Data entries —
----------------
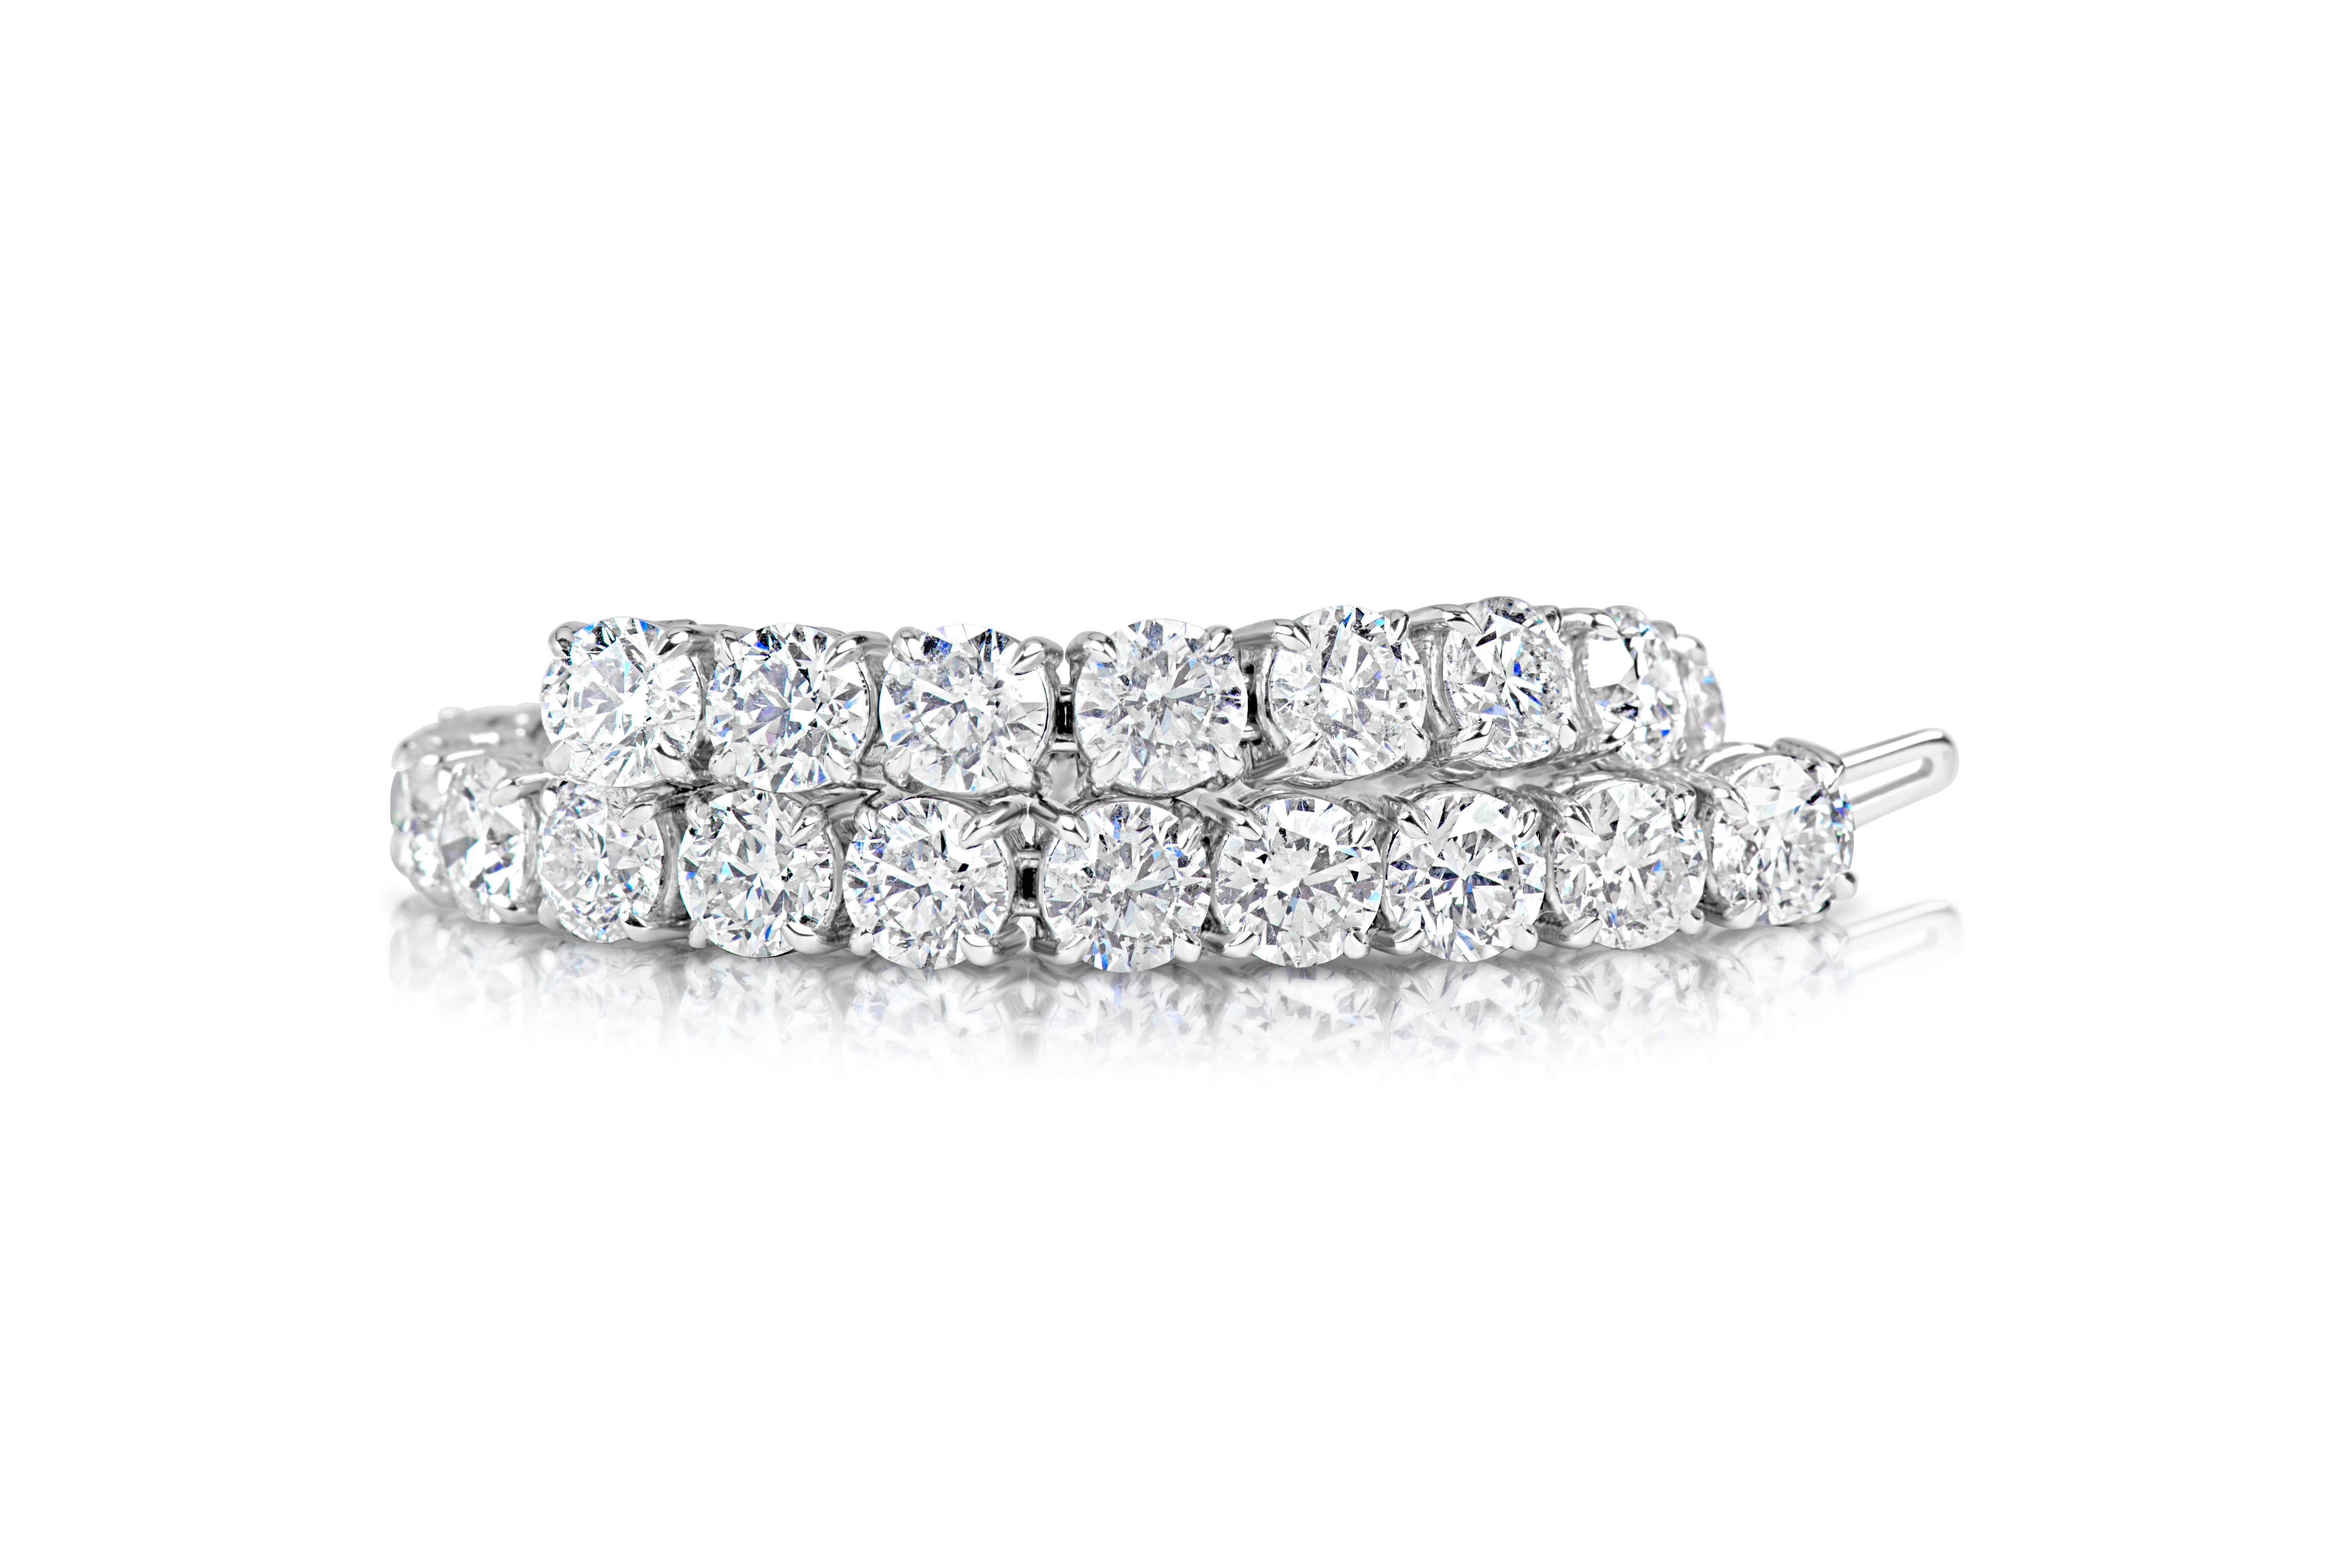 This Superb Classic Diamond Bracelet features 38 diamonds
Weight: 12.00 Cts.
Metal: 14k
Color: G-H
Clarity: SI
----------------
What to do —
Once the pictures are set aside, restate the remaining data above exactly.

Response —
 This Superb Classic Diamond Bracelet features 38 diamonds
Weight: 12.00 Cts.
Metal: 14k
Color: G-H
Clarity: SI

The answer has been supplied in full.